Sorry your just very cuddly :wave:


----------



## Derekh929

Wow we could have a dog show at the same time if this keeps up what about DOGSTOCK :lol:


----------



## pee

Mmmmm tempting shall have to see what time off i can get.


----------



## Roy

Going to be great this :thumb:


----------



## SteveTDCi

The Cueball said:


> :lol:
> 
> yip!


There is a frikin bloody great grass field and no lines do you should be fine 



Grizzle said:


> Me and the Mrs will be there, she's in Daventry on the Thursday, Friday then will drive up to Peterborough and stay in the holiday Inn Friday and Saturday night


Stay at the Marriott hotel if you can, the holiday inn is on one side of the road the marriott on the other, parking is slightly better and there are barriers so stop people just driving in 

Both are within a 15 second drive of the showground, There is also a Premier inn (Granary) 5 minutes up the road, another called the Hampton 10 mins away, you also have the hay**** at wansford which is quite nice, there are 2 further holiday inns within 10 minutes and then some more hotels with 15 mins.

Stamford is quite a nice place (3 of us on here live here :thumb with a few more hotels.

I'm sooo glad its peterborough as i don't have to go far


----------



## Johnnyopolis

-Kev- said:


> no S2000's in the show and shine


I may have to bring my s2000 to this one (If I can find someone to drive it up)


----------



## Johnnyopolis

Brazo said:


> Look forward to meeting all:thumb:


You will be too busy to be meeting people Mr Brazo... You will have jobs you know


----------



## avit88

awallacee30 said:


> Don't worry, just park across 2...you'll be fine


haha yeah they may wanna think about parking again!

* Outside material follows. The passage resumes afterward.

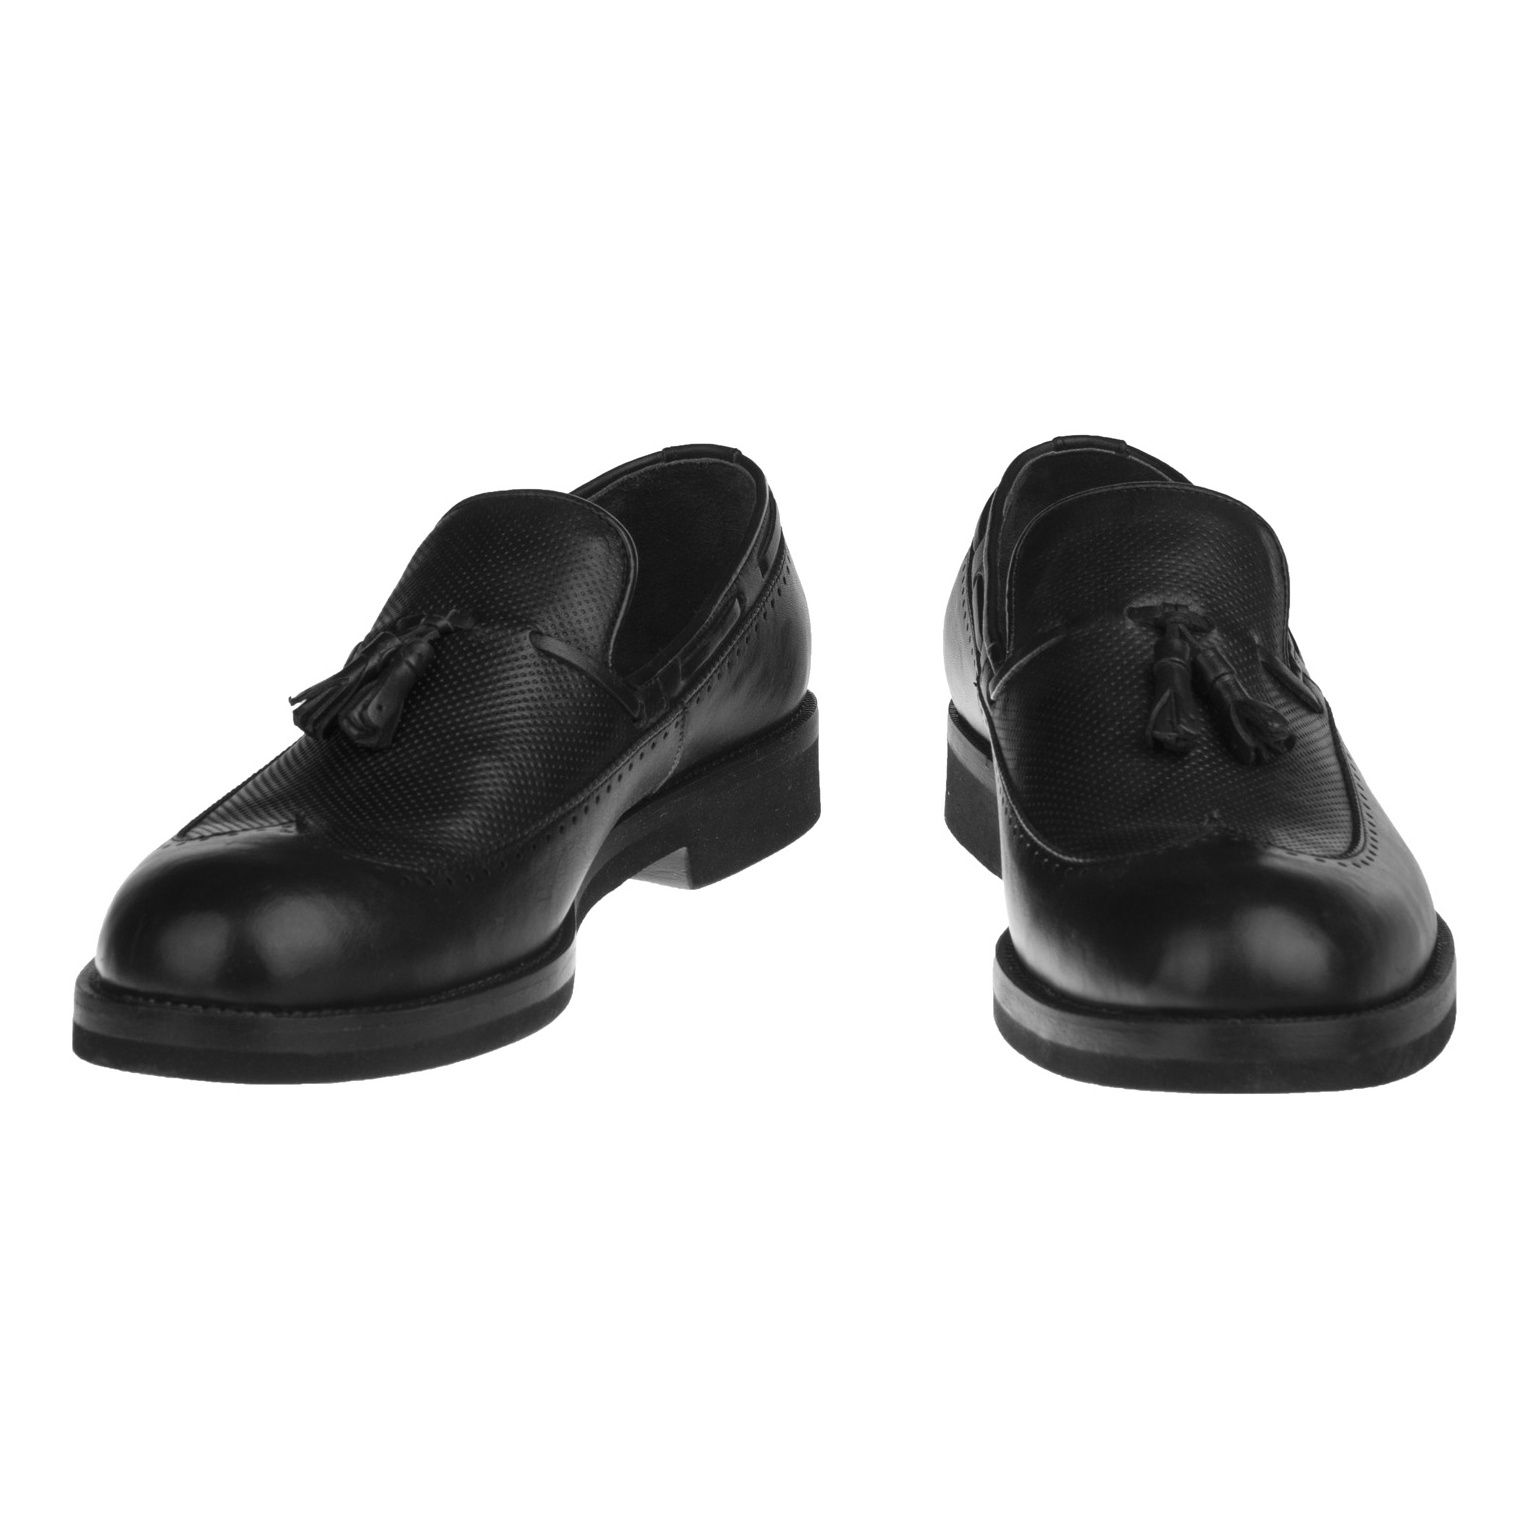 کفش مردانه بلوط مدل 7184A503-101 - مشکی - 4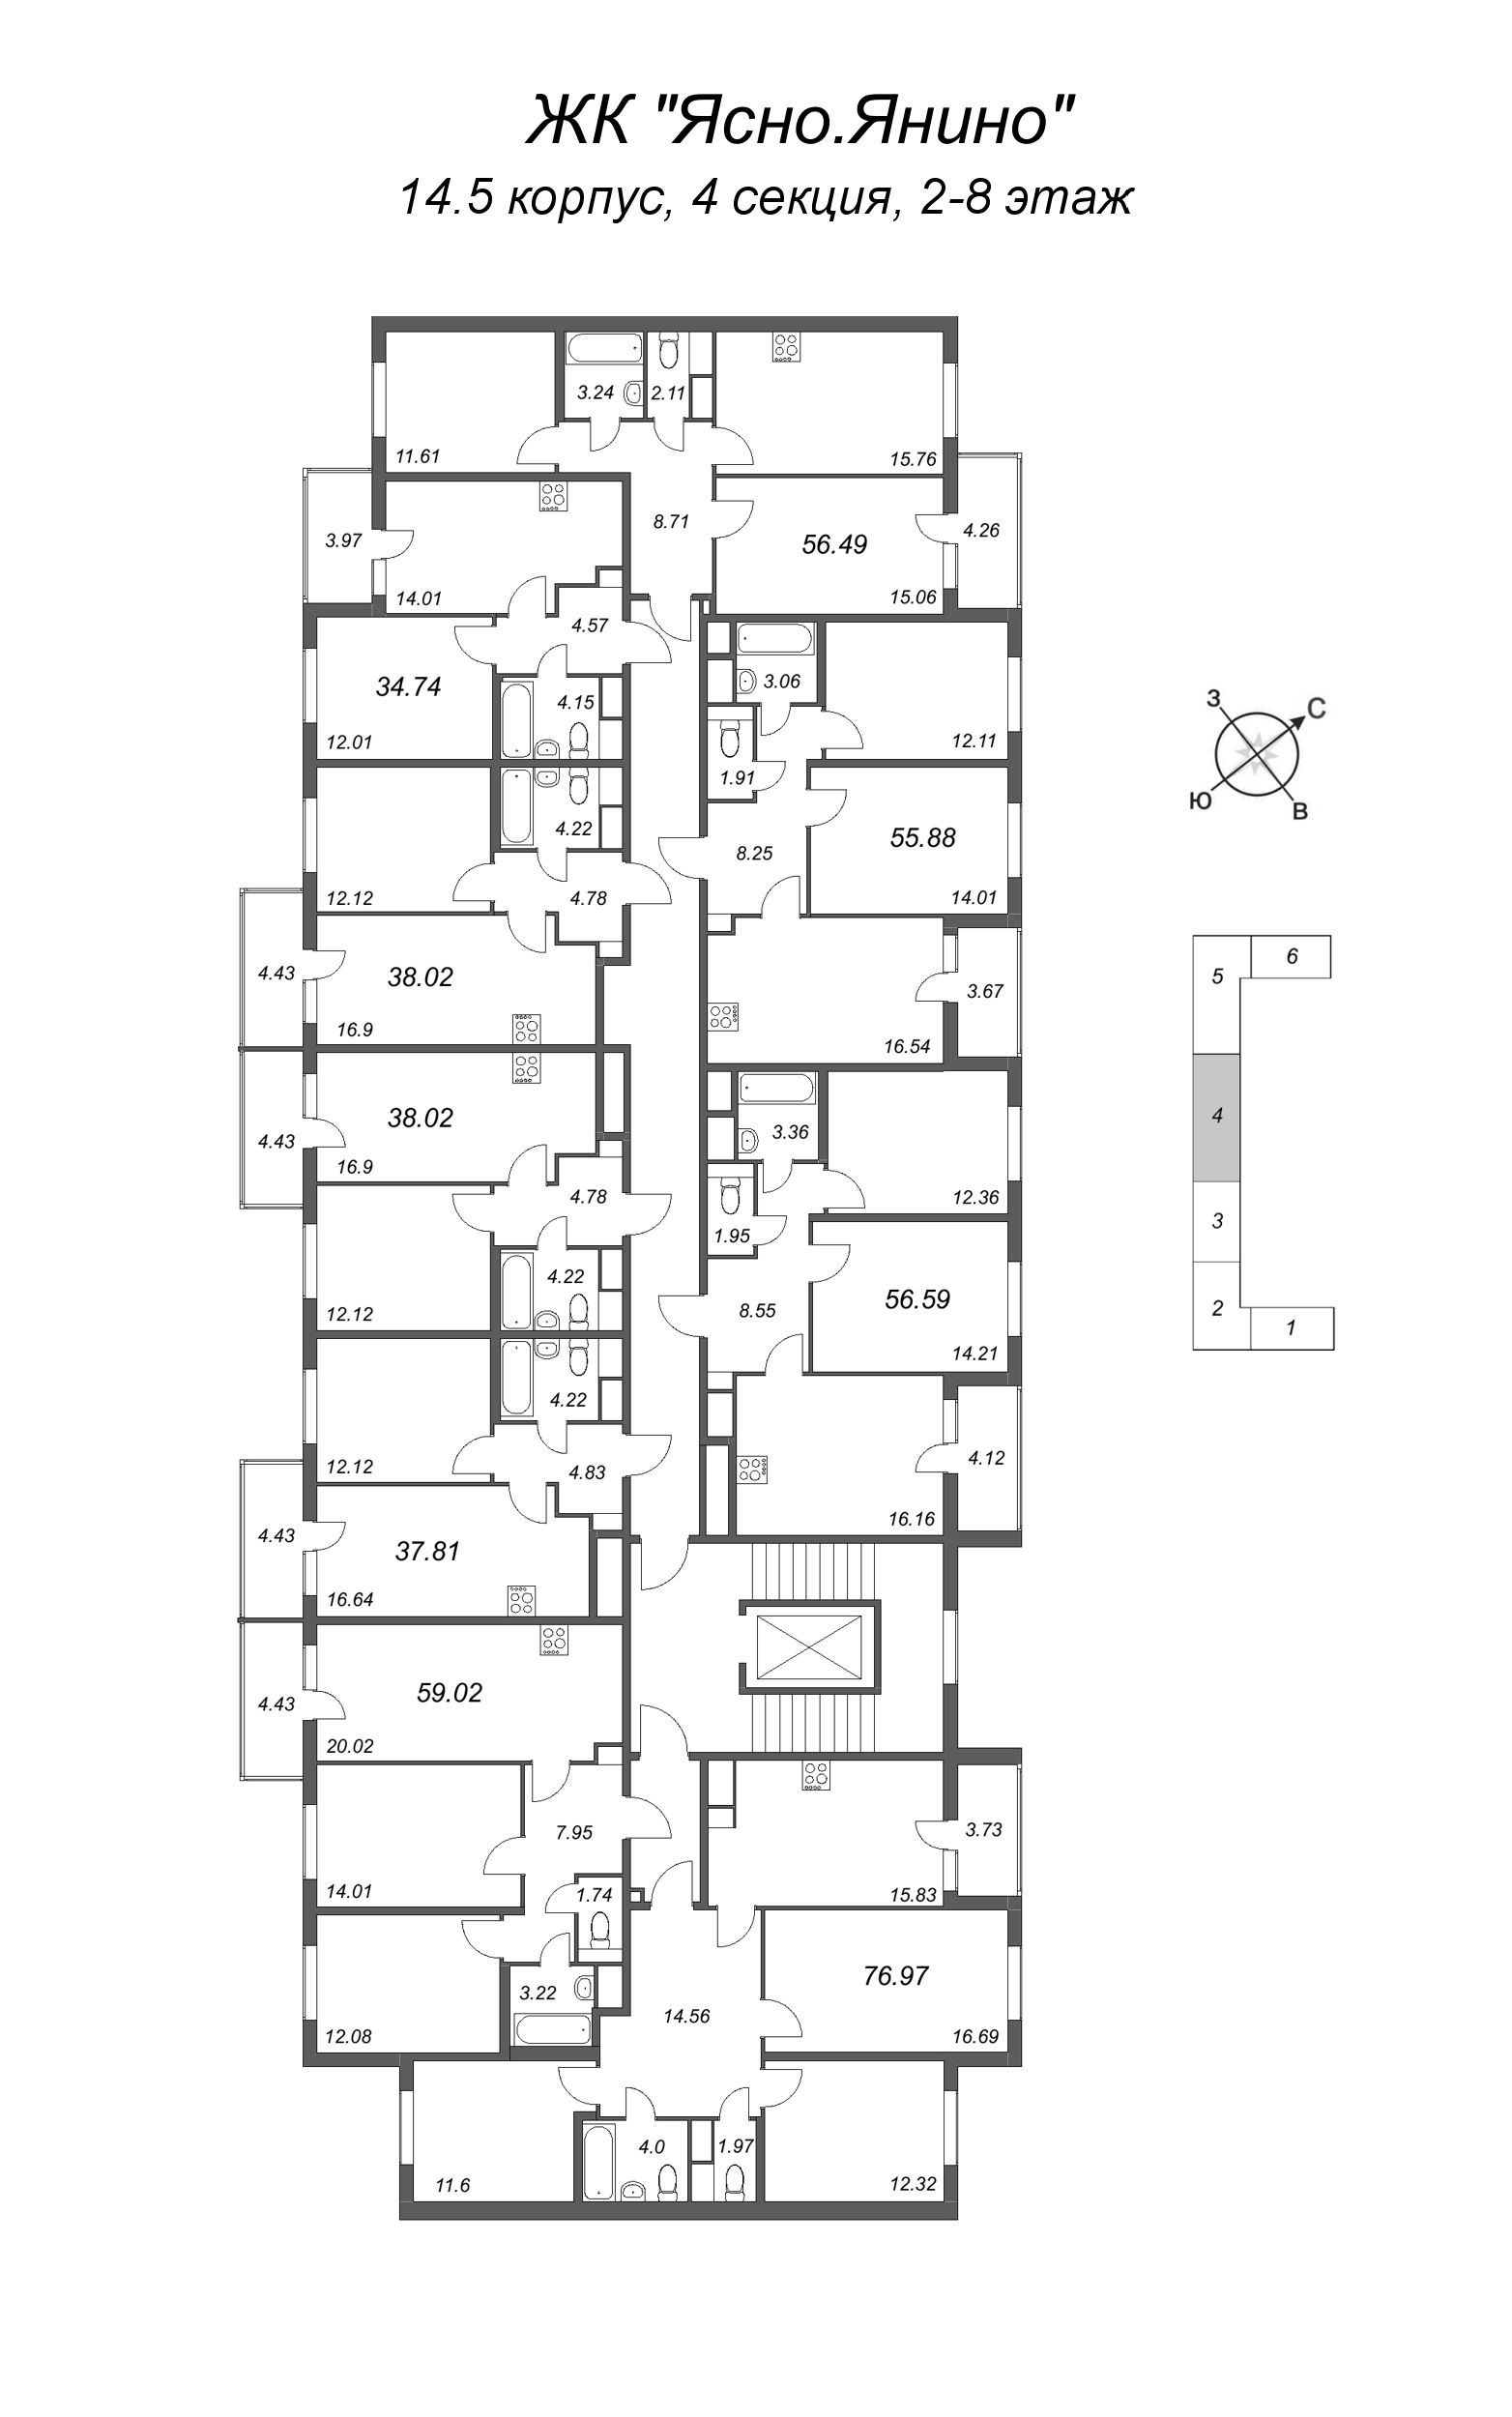 1-комнатная квартира, 34.74 м² в ЖК "Ясно.Янино" - планировка этажа

think there should be a wooden spoon for the person who parks the worst


----------



## avit88

alan_mcc said:


> Centrally located?


yeah centrally located is really yorkshire....:thumb:


----------



## Johnnyopolis

avit88 said:


> haha yeah they may wanna think about parking again!
> 
> think there should be a wooden spoon for the person who parks the worst


Have you seen the size of our "Parking Monitor" He is call PJ also known as "High Tower" in the parking management circles.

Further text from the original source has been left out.